Je fus forcée de prendre une longue inspiration afin de reprendre mes esprits. J'avais du mal à le reconnaître, mais cela faisait du bien de parler à quelqu'un.

« Qui êtes-vous ? Demandai-je enfin. Vous me voulez quoi ?

- C’est une très longue histoire, répondit-il avant que je n’entende un léger frottement. Nous devrions en parler en face-à-face.

- Vous me suivez depuis plusieurs jours pour me donner un rencard ?

- Non, riait l’homme à l’autre bout du fil. Disons que… C’est très compliqué à expliquer. Je ne sais pas si tu as remarqué que tu avais une pension qui t’étais versée chaque mois depuis ton entrée à l’orphelinat.
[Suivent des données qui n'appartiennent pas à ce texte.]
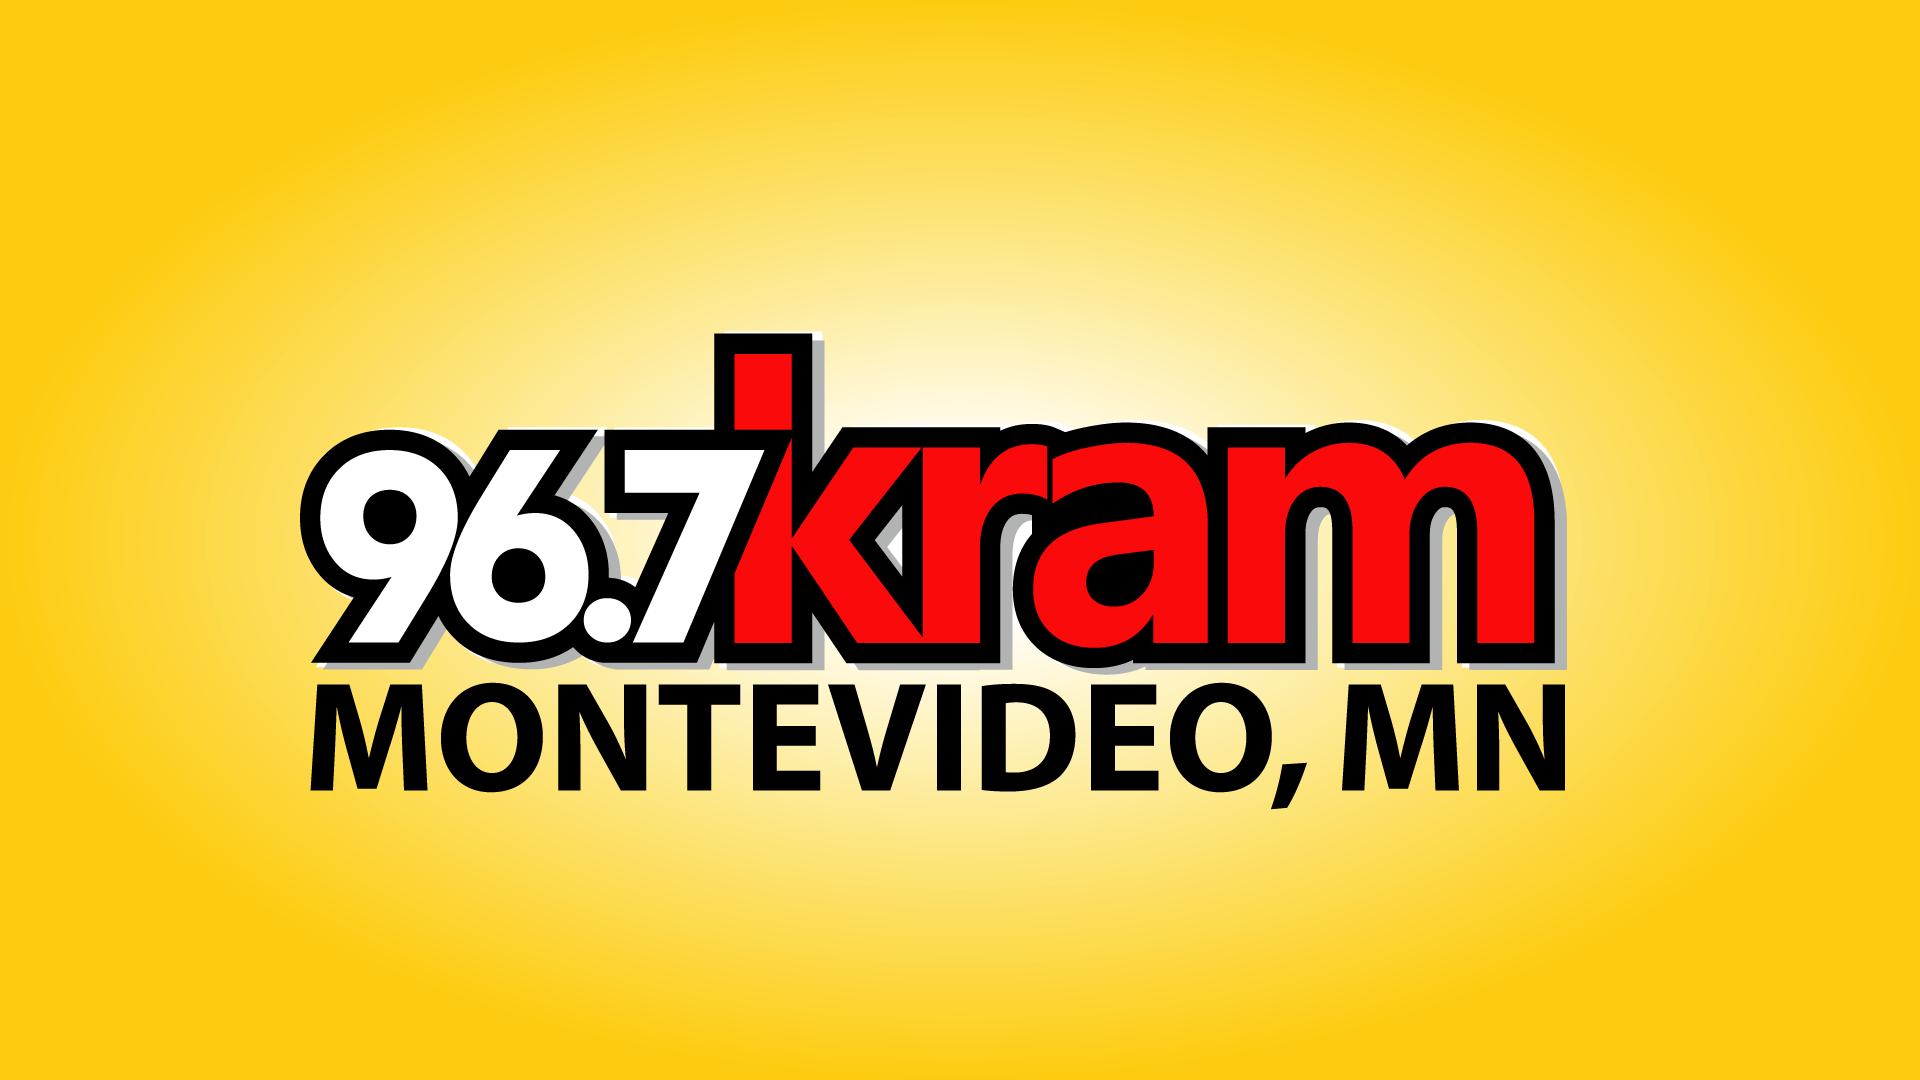 96.7 KRAM logo

- Ouais. Une espèce d’allocation pour orphelin, répondis-je. Mon amie et moi la recevrons jusqu’à nos dix-huit ans.

- Ce n’est pas totalement une allocation, avoua-t-il. En réalité, quelqu’un vous la verse depuis votre enfance à la demande de vos parents, je pense.

- Comment ça ?

- Avant de disparaître, expliqua l’homme, tes parents ont demandé à l’institution Hoswald de te verser cette pensio-

- C’est quoi cette merde ?! Mes parents sont morts depuis plus de dix ans. Ils étaient tellement barjos qu’ils n’auraient pas pensé à me donner de l’argent. »

Je frissonnai en me rappelant mes quelques années chez eux. Ils étaient morts dans les conditions les plus affreuses qu’il m’ait été donné de voir.
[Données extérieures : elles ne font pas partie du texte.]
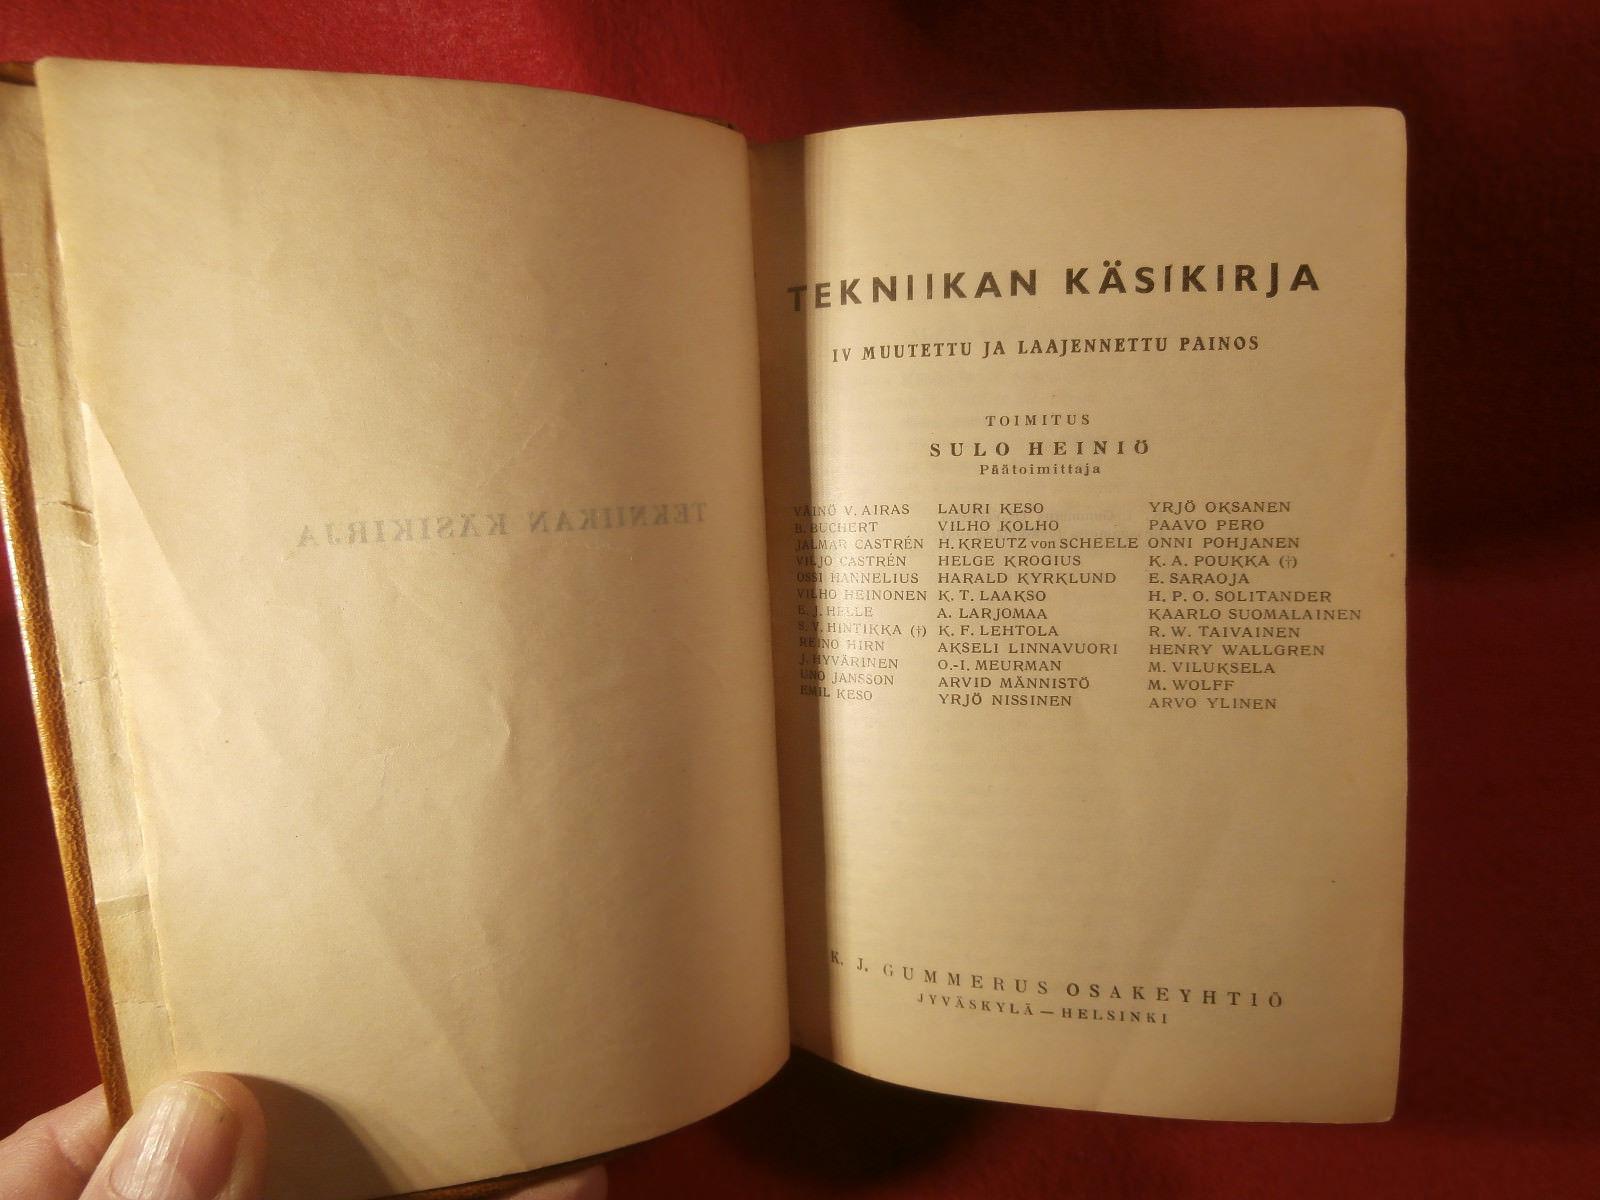 Tekniikan Kasikirja by K J Gummerus Soft Leather Bound 1st Edition

« Je pense que cette histoire risque d’être bien plus complexe que je ne le pense, conclus l’homme. Peut-on se voir demain ?

- Centre commercial, terrasse au premier étage et viens seul. »

Je posai mes conditions directement. Un endroit à la vue de tous et en tête-à-tête pour me garantir un maximum de sécurité. S’il refusait, j’allais couper court à la conversation.

« Parfait. Pour treize heures, cela te convient ?

- Oui. À demain. »

Je raccrochai avant de le laisser répondre.